Consumes messages from a RabbitMQ queue, processes them, and publishes results to another queue.
Start the RabbitMQ consumer:
export MODE=rabbitmq
python main.pyThe consumer will listen for messages on the configured queue and process them automatically.
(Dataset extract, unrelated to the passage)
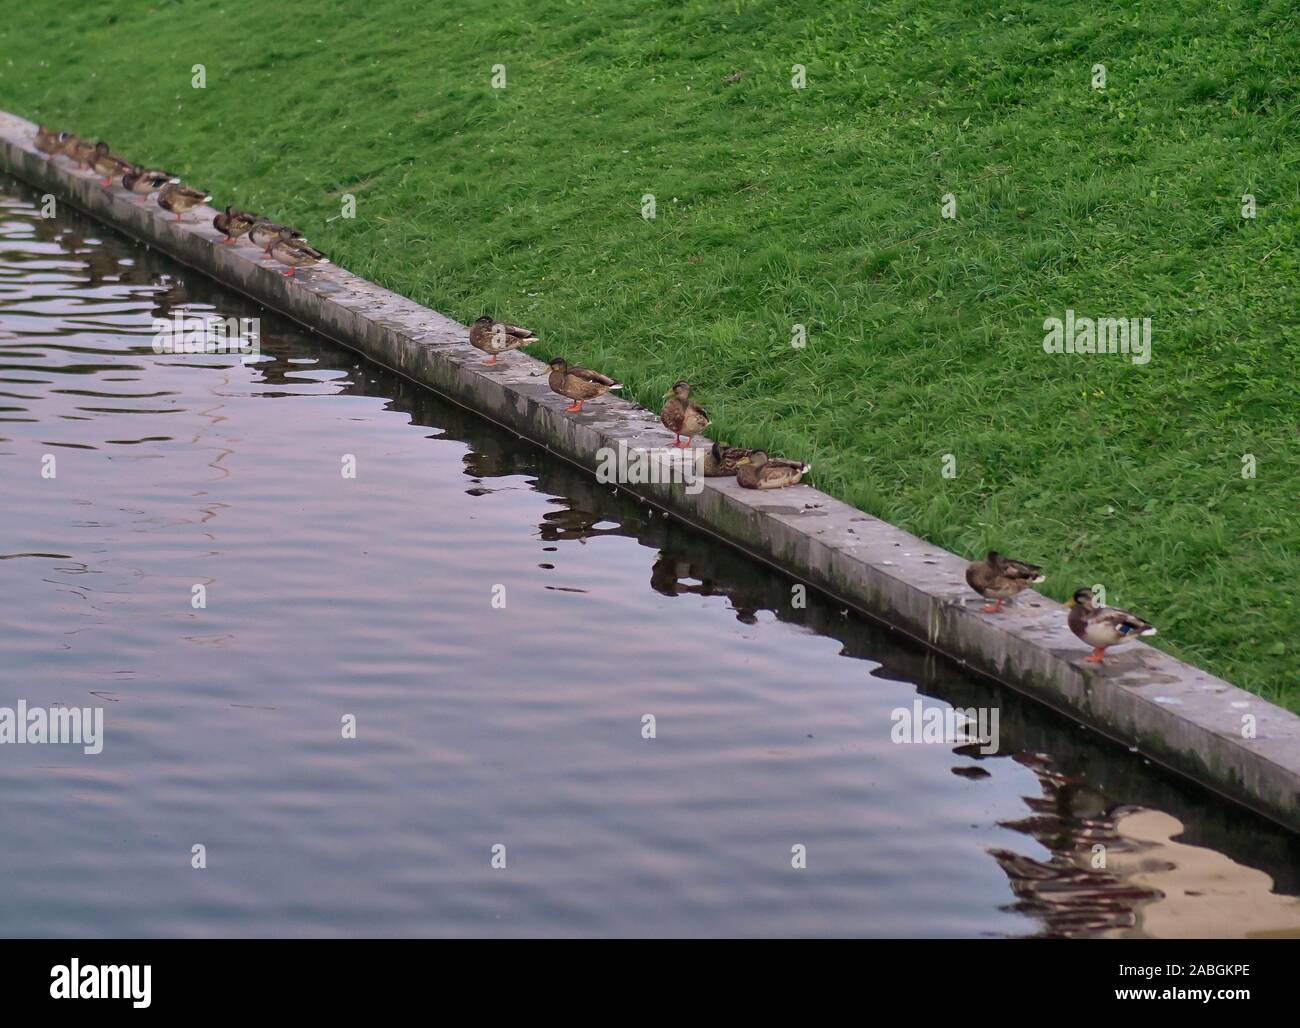 La naturaleza del parque de la ciudad en verano, patos silvestres sentarse en un bordillo de piedra en el estanque Foto de stock

| Variable | Description | Default | Required |
|---|---|---|---|
MODE |
Operation mode: http or rabbitmq |
rabbitmq |
No |
| Variable | Description | Default | Required |
|---|---|---|---|
HTTP_HOST |
Host address to bind the HTTP server | 0.0.0.0 |
No |
HTTP_PORT |
Port number for the HTTP server | 5000 |
No |
ALIGN_SECRET_KEY |
Secret key for API authentication (if set, authentication is required) | None |
No |
RELOAD |
Enable auto-reload for development (true/false) |
false |
No |
| Variable | Description | Default | Required |
|---|---|---|---|
RABBITMQ_URL |
RabbitMQ connection URL | amqp://guest:guest@localhost:5672// |
No |
CONSUME_QUEUE_NAME |
Name of the queue to consume messages from | forced_alignment |
No |
CONSUME_ROUTING_KEY |
Routing key for the consume queue | forcedalignment.processing |
No |
| Variable | Description | Default | Required |
|---|---|---|---|
RESULT_QUEUE_NAME |
Name of the queue to publish results to | forced_alignment_result |
No |
RESULT_QUEUE_EXCHANGE |
Exchange name for the result queue | forced_alignment_result |
No |
RESULT_QUEUE_ROUTING_KEY |
Routing key for the result queue | forcedalignment_result.processing |
No |
RESULT_CELERY_TASK_NAME |
Celery task name for result messages | forced-alignment-result |
No |
export MODE=http
export HTTP_HOST=0.0.0.0
export HTTP_PORT=5000
export ALIGN_SECRET_KEY=your_secret_key_here # Optional
python main.pyPOST /align
Performs forced alignment between an audio file and transcript.
Request Body (JSON):
{
"mp3_url": "https://example.com/audio.mp3",
"text": "your transcript text here",
"language": "ar", // Optional, defaults to "ar"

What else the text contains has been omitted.